Nel complesso mi da l’impressione di una ragazza a suo agio con se stessa, giovane e concreta; con un’eleganza spontanea, che non ha bisogno di essere esibita.
Anche lei è come Gaia: ha due tette gigantesche.
Però devo tenere gli occhi su, per non sembrare un maniaco.
Voglio farle un’ottima impressione.

E così mi ingegno:” Te lo offro io. Non ho monete con me, le ho date tutte al bar, stamattina.”
E’ una balla, ma voglio offrirle il caffè.
Lei mi risponde:” Sei veramente gentile. Però la prossima volta, te lo offro io.”
Imparate da me.
Ottima tattica, per guadagnare subito punti.
Le preparo il caffè:” Come ti chiami?”
La ragazza si presenta:” Mi chiamo Serena. Non mi hai mai vista, perché frequento un’altra università. Sono passata per salutare una persona, essendo in zona. Ma temo di aver sbagliato orario.”
Ricambio la presentazione:” Io mi chiamo Francesco, e frequento questa università. Sono uscito un attimo dall’aula, per un caffè. “
Serena si scusa:” Mi dispiace, ti sto facendo perdere tempo.”
Mi affretto a rassicurarla:” Non ti preoccupare, mi ha fatto piacere conoscerti.”
La solita tattica vincente.
Mai correre.
Non chiedere nulla.
Aspettare che parli lei.
Serena replica:” Comunque sono in debito di un caffè, e non mi piace avere debiti. Se ti va, una volta, posso contraccambiare.”
Le rispondo:” Certo, se ci incontreremo in giro, volentieri.”
La sua proposta mi fa capire, che la mia tattica sta funzionando:” Se mi lasci il tuo numero; una volta che sono libera, ti scrivo.”
Uso la solita tattica:” Non e’ necessario. E’ il pensiero che conta.”
Lei mi guarda:” Pero’, che ragazzo tutto d’un pezzo. Apprezzo molto le tue parole. E stai certo di una cosa: ci rivedremo. A costo di aspettarti alla macchinetta, tutti i giorni.”
Le sorrido.
E’ fatta.
Mi sono dimostrato un vincente.
E' ai miei piedi.
Mi cercherà e, a quel punto, cadrà nella mia ragnatela.
Ve l’avevo detto, che ci so fare con le ragazze.
Ora posso dedicarmi, con meno ansia, a Gaia.
Se non va bene con lei, Serena è un’ottima sostituta.

Torno in aula.
La lezione è già iniziata.
Mi siedo.
Valentina mi parla nel orecchio:”Ti sei calmato?”
La tranquillizzo:” Certo.”
Mi chiede:” Dove sei andato?”
Le dico la verità, sottacendo della piacevole conoscenza:” a prendere un caffè”
Lei mi risponde:” Se ce l’avessi detto, saremmo venute anche io e Gaia.”
Decido di darle un piccolo contentino:” Scusa, non ci ho pensato.”
Sono proprio due puttane.
Non mi hanno cagato di striscio, durante l’intervallo; è addirittura intervenuto il fenomeno, e ora fanno le offese.
Mi credono un coglione.
Ma io non lo sono.
Gaia non sarebbe mai venuta a prendere un caffè.
O, se fosse venuta, sarebbe venuta, con il suo bel Corrado.
Quel coglioncello si prenda pure Gaia.
Non sa cosa gli aspetta.
Lei sembra tanto brava e carina, ma è una stronza di prima categoria.

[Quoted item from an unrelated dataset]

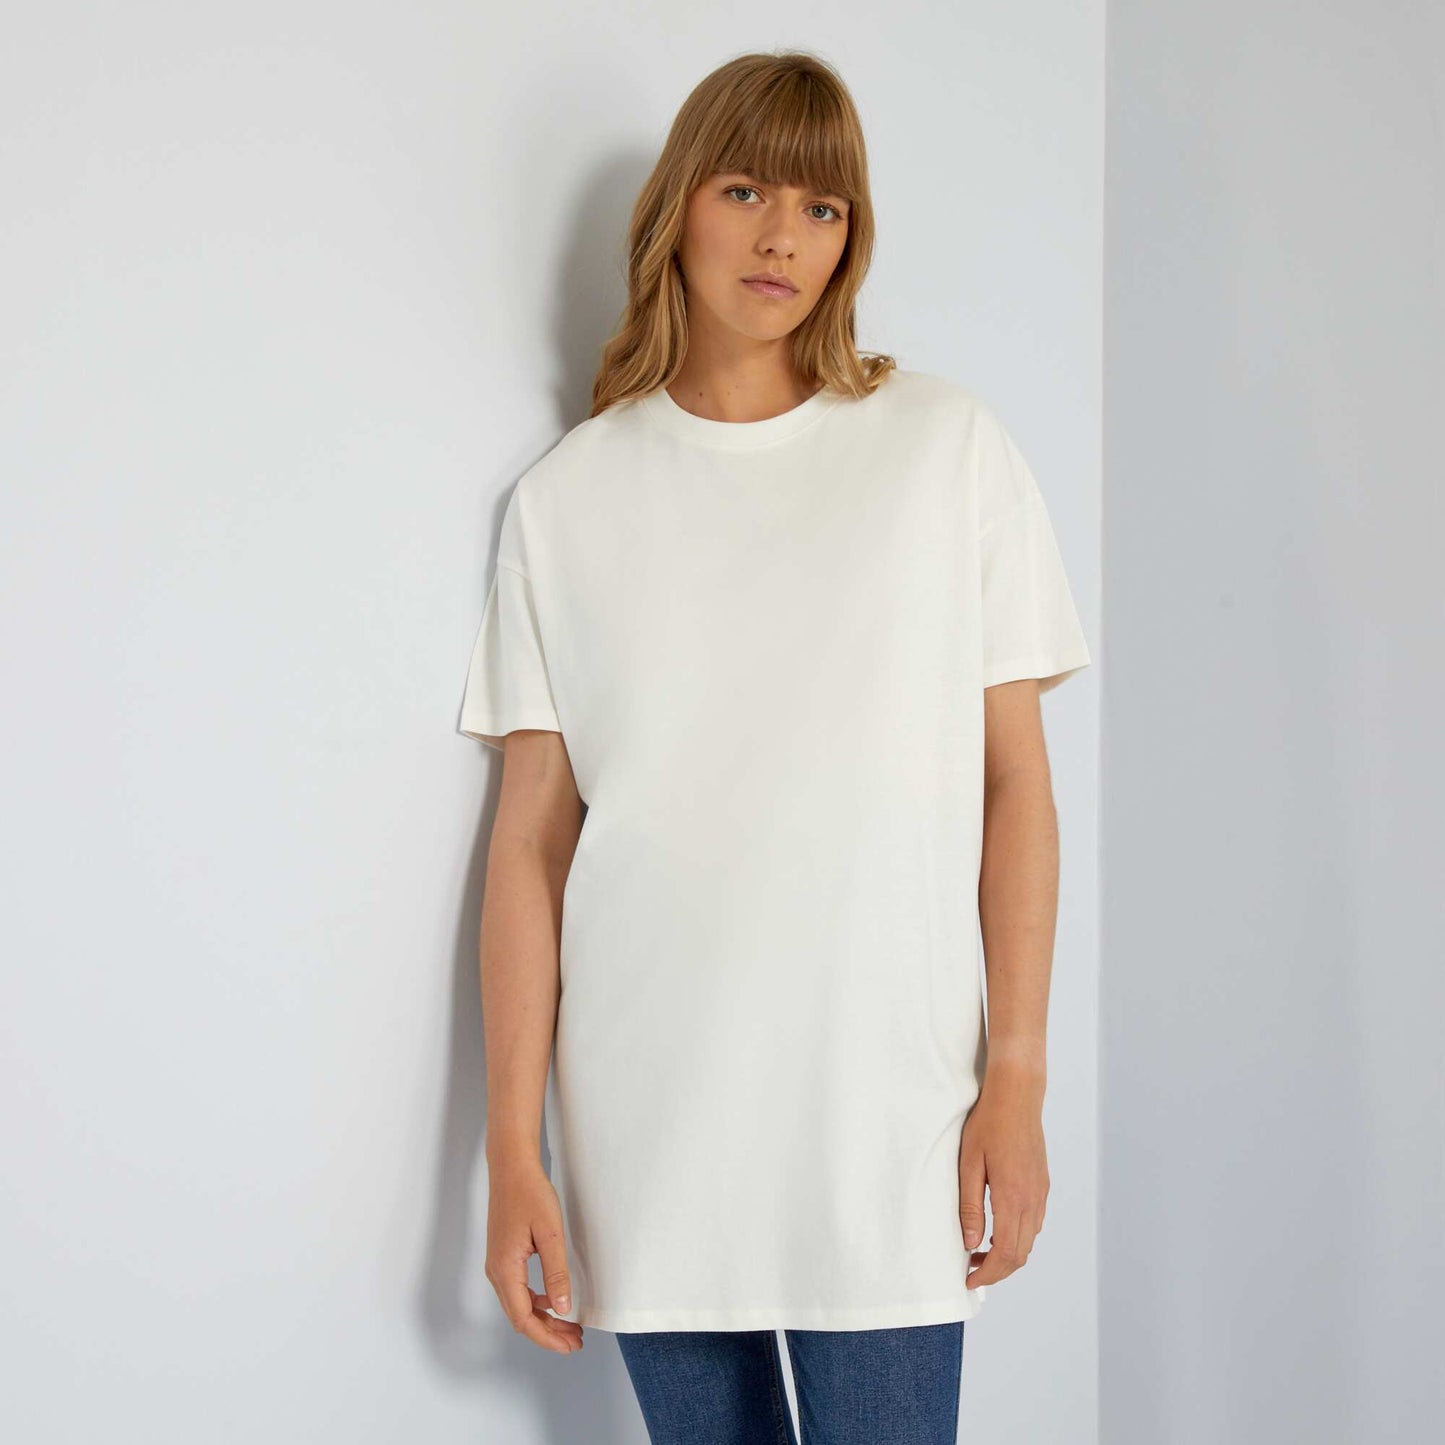 T-shirt uni manches courtes Blanc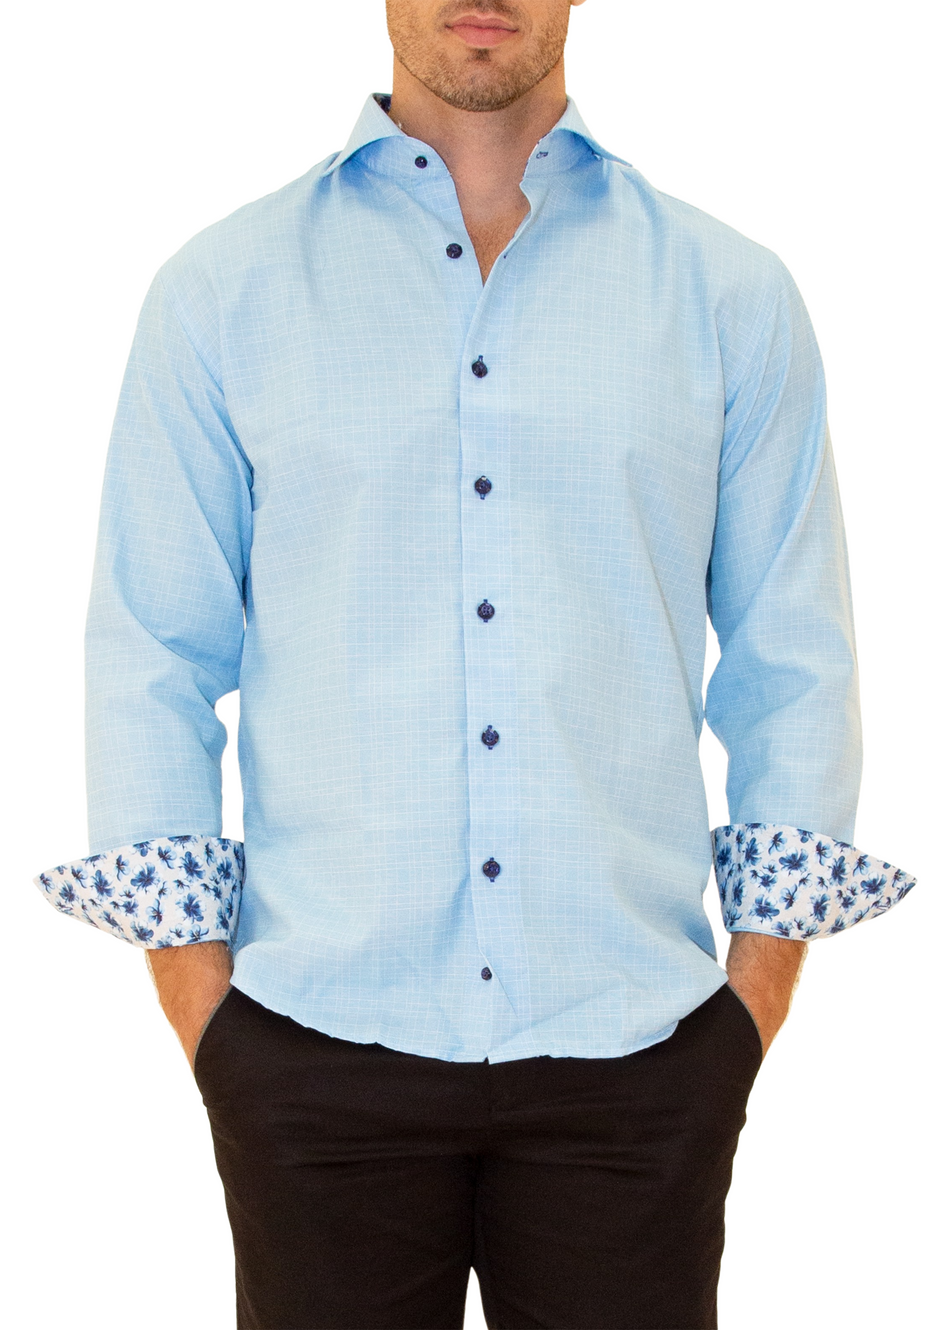 Linen Texture Floral Cuff Long Sleeve Dress Shirt Turquoise

Finita la lezione, Corrado si rivolge a Gaia:” Hai capito tutto, o ti devo dare lezioni private?”
Gaia sorride:” Sai che non lo so?”
Il ragazzo la ferma:” Allora ti devo interrogare. Pronta per la prima domanda?”
Lei si rifugia in:” Non è giusto.”,abbozzando un’altra risata.
Non riesco a resistere, e così dico a Valentina:” Vi aspetto fuori.”
Valentina mi prende per un braccio:” Scusami; sei con noi, e ti allontani da solo? Siamo venuti tutti insieme e andiamo via tutti assieme.”
Tolgo la sua mano dal mio braccio:” Preferisco aspettare fuori.”
Valentina obietta:” Questa è la riconoscenza, per farti uscire con Gaia?”
Gaia si accorge della discussione:” cosa succede?”
Valentina le dice:” Francesco vuole uscire dall'aula da solo, ed aspettarci fuori.”
Gaia mi guarda:” e come mai?”
No, ma sono serie?
Non è possibile.
Mi stanno prendendo ancora per il culo.
Gaia continua:” Francesco; l’ incidente di prima è chiuso, vero?”
La rassicuro:” certo.”

Corrado interviene:” Dai, batti un cinque.”
Quello continua a fare il pagliaccio.
Purtroppo devo mettermi al suo livello, o uscirò sempre sconfitto.
E così batto un cinque.
Corrado aggiunge:” Però ridi un pò, dai.Bisogna sempre ridere nella vita. Se ridi, le ragazze si avvicinano, come le api con il miele. Se ti comporti da vecchio, scappano. Avresti dovuto rispondere una cosa del tipo: me la sono già scopata, passo alla prossima. Sedotta e abbandonata. Così avresti fatto il simpatico.”
Gaia e Valentina scoppiano a ridere.
Non riesco a ridere, perchè mi sta nuovamente prendendo per il culo.
Ed anche le ragazze lo sanno.
Così rispondo:” Non sono uno così bravo con le battute.”
Corrado obietta:” Ma se non fai le battute giuste, non scopi. Io faccio le battute giuste, e scopo.”
Nuovamente Gaia e Valentina tornano a ridere.
Mi viene solamente da rispondere:” Fortunato te.”
Non è contento, e così decide di esagerare:” Lo so. Scopare non è da tutti. Ma non ti preoccupare, non sei un cesso. Arriverà anche il tuo momento.”
Ironizzo:”Grazie. Mi rincuora la cosa, dopo che mi hai detto così.”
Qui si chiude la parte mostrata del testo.